Post-operative delirium is a common, serious, neurological, complication where people have a sudden change in their brain functions after an operation. It is more common in older people, and leads to increased death, dementia, post-traumatic stress disorder, a longer length of hospital stay, extra nursing requirements and increased healthcare costs.

People with hip fracture require an operation to fix the fracture which requires anaesthesia - classified as general anaesthesia, or regional anaesthesia. A general anaesthetic technique involves inducing sleep or loss of consciousness through inhaled or intravenous anaesthetics. A regional anaesthesia involves injecting local anaesthetic inside the spine or around the nerves to prevent pain in the leg with the hip fracture.

It was commonly thought that one of the causes of delirium is a general anaesthesia. Led by the University of Birmingham and Wenzhou Medical University Second Affiliated Hospital, this randomised trial was the first of its kind in China. 950 older adult took part, from hospitals in Wenzhou, Wuhan, Lishui, Ningbo, Nanchang, and Taizhou.

The trial was set up to provide clinical evidence with a robust methodology, to help medical professionals select appropriate anaesthesia for older patients to try and reduce the development of delirium.

Researchers in Birmingham and WenZhou today published the findings in JAMA. After the hip fracture surgery, delirium occurred in 6.2% of the group who had general anaesthesia, and 5.1% in those who had a regional anaesthesia. The difference between the two groups could be explained by chance.

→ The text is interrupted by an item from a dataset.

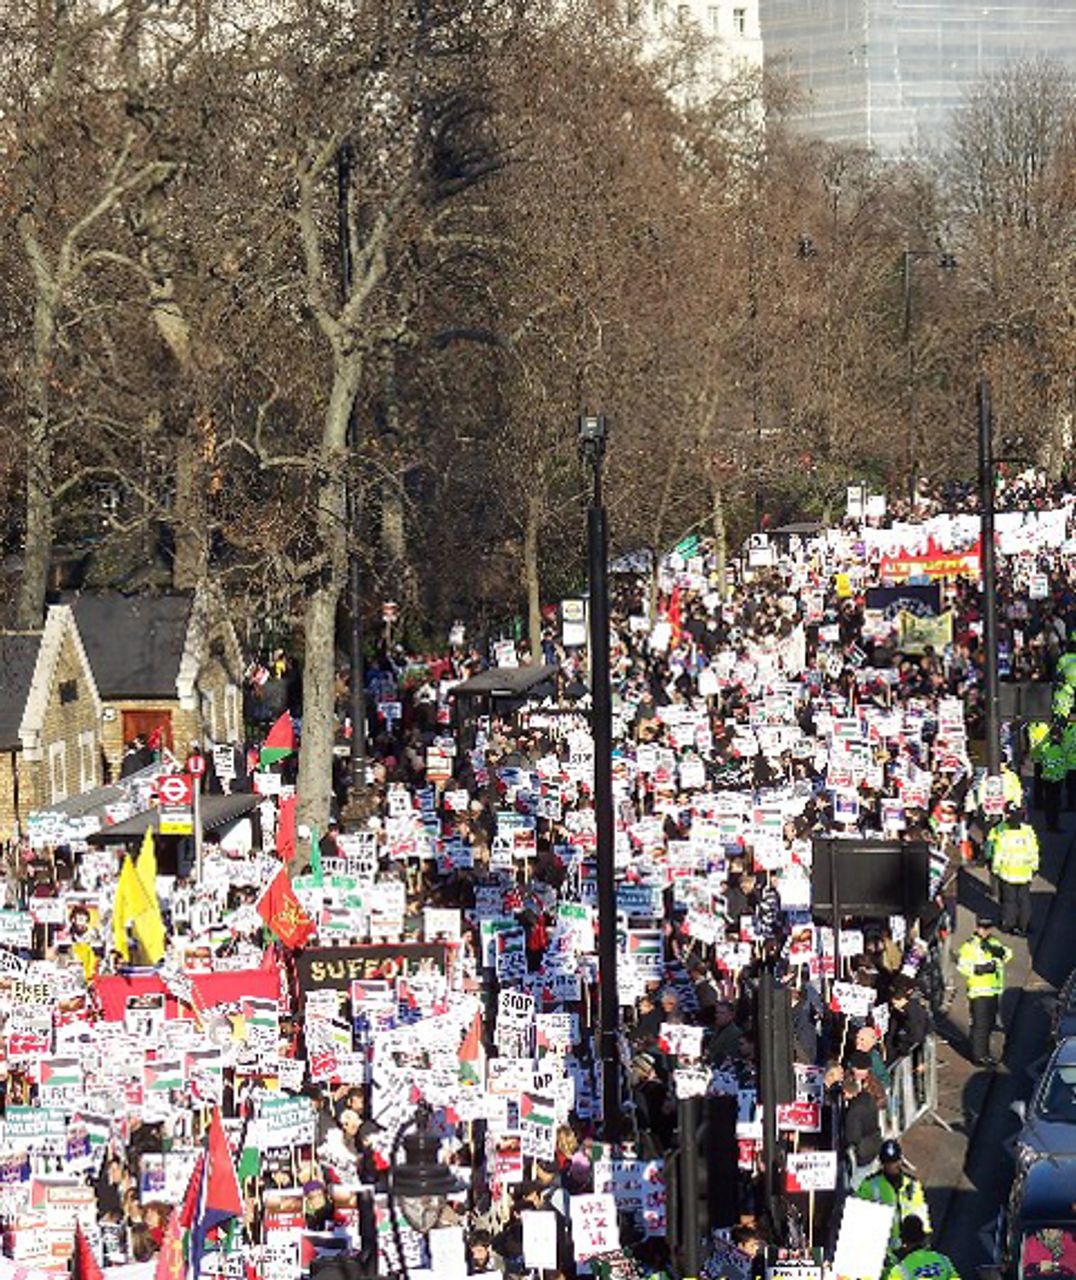 A section of the London protest

The Chief Investigator of RAGA trial, Professor Fang Gao, from the University of Birmingham, NIHR Senior Investigator, commented: "There is a high incidence of delirium after surgery in hip fracture patients, but we had no robust evidence demonstrating the effectiveness of the two most commonly used anaesthetic techniques causing delirium - creating an urgent need to investigate delirium prevention.

"The causes of delirium remain poorly understood, but our trial highlights that factors such as general anaesthetic agents, that we thought may be associated with delirium, are in fact unlikely to cause delirium."

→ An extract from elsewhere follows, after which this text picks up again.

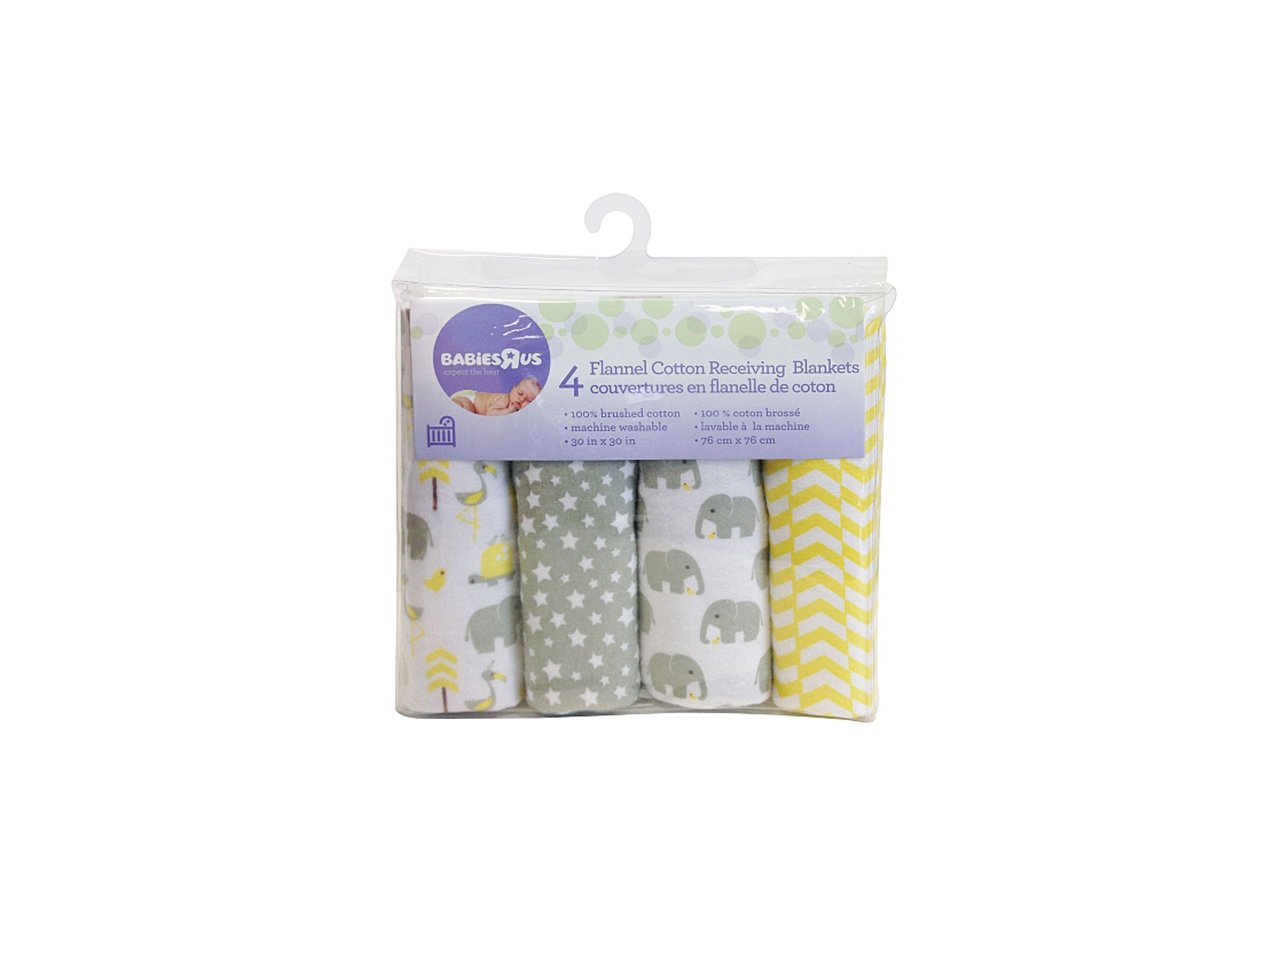 Babies R Us - Flannel Cotton Receiving Blanket 4-Pack - Green

"Our trial has also provided clinical evidence on the safety of RA and GA in older patients for hip fracture surgery, helping anaesthetists in selecting appropriate anaesthesia for these patients - particularly those at high risk of POD."

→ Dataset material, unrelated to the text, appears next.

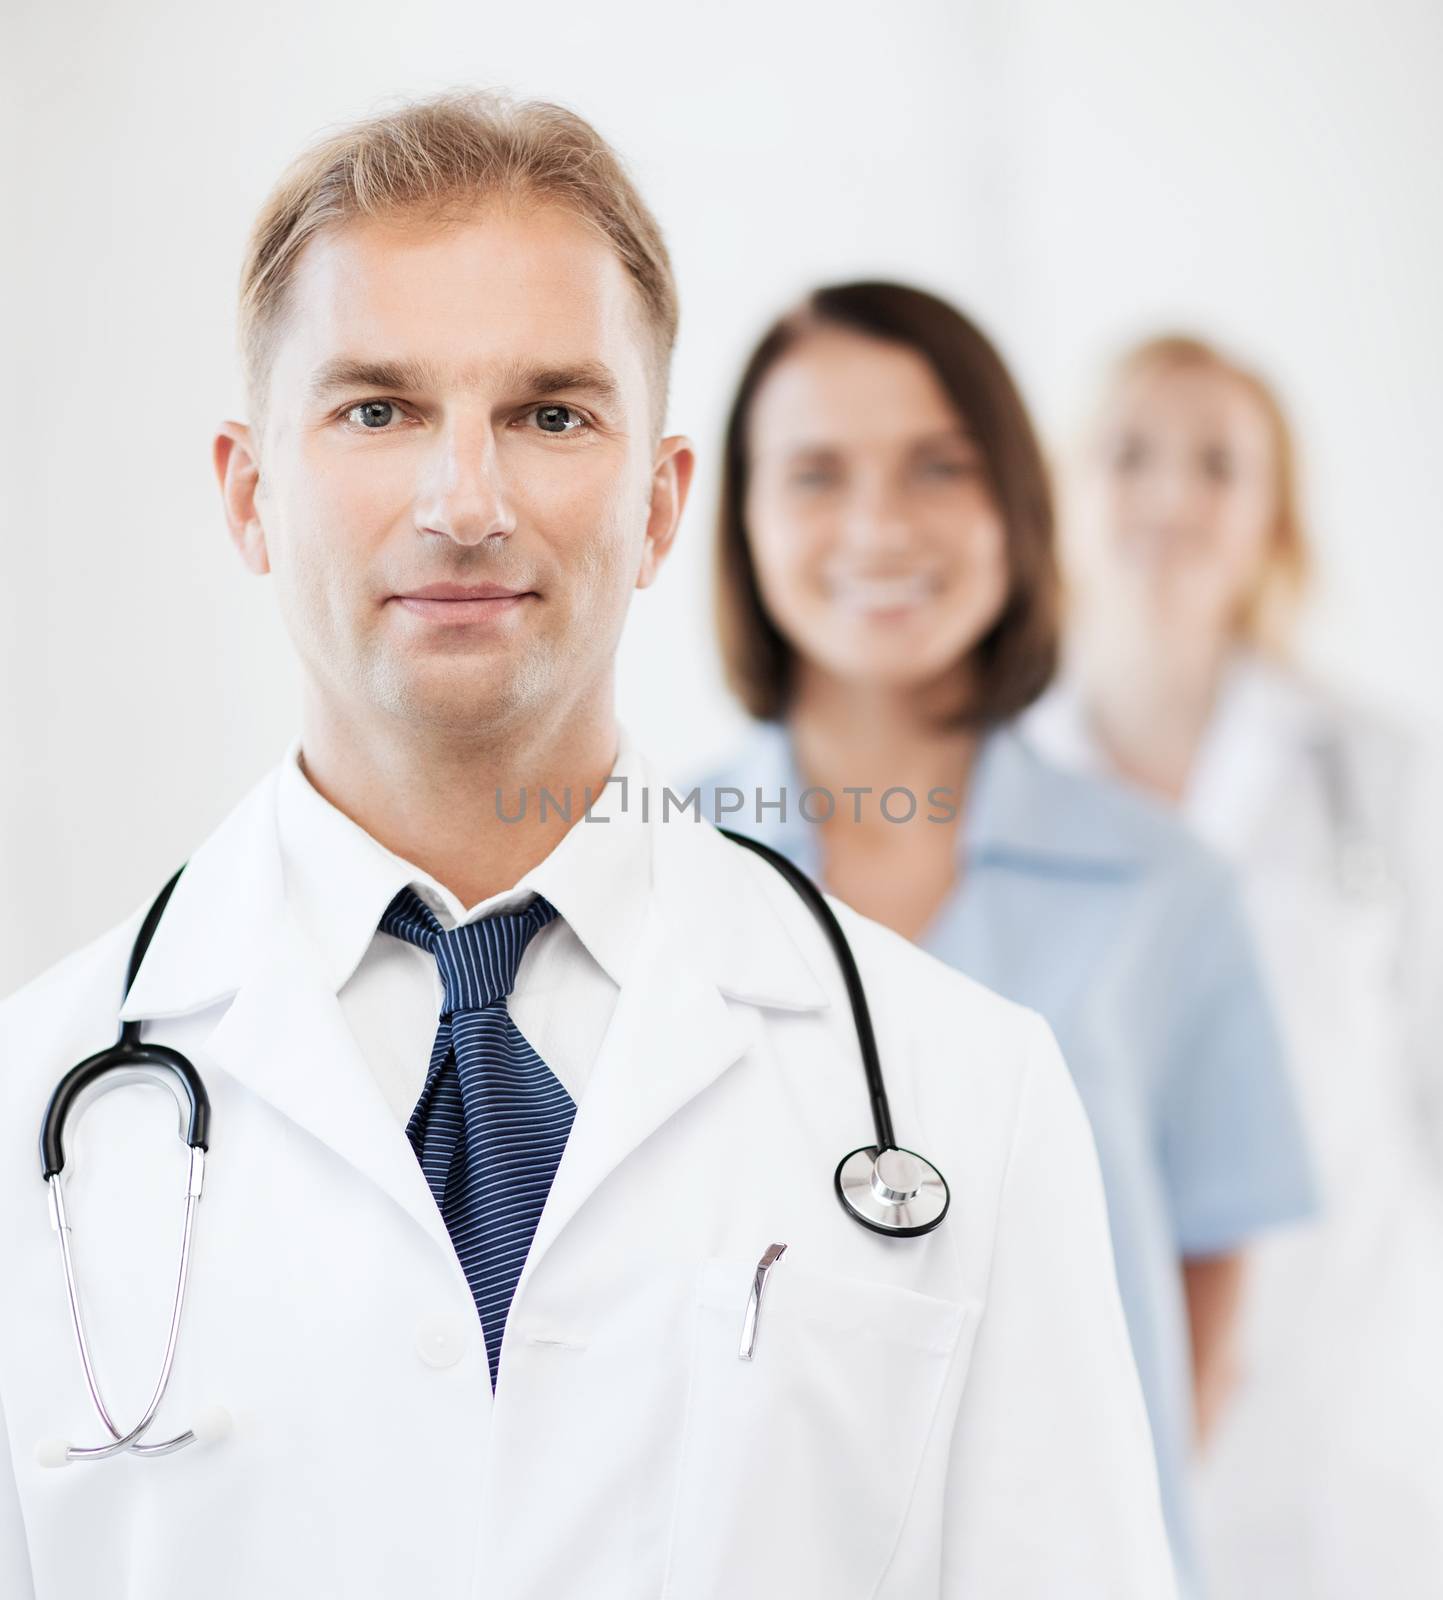 doctor with stethoscope and colleagues by dolgachov

The older population has grown quickly over the last 20 years in most parts of the world and the number of older people undergoing surgical procedures has increased. Hip fractures are a global health problem, with over 1.6 million patients suffering such injuries worldwide every year. Some 680 000 of these injuries occur among the 70 million elderly people in China and it is predicted that 50% of total global hip fractures will occur in Asia by 2050.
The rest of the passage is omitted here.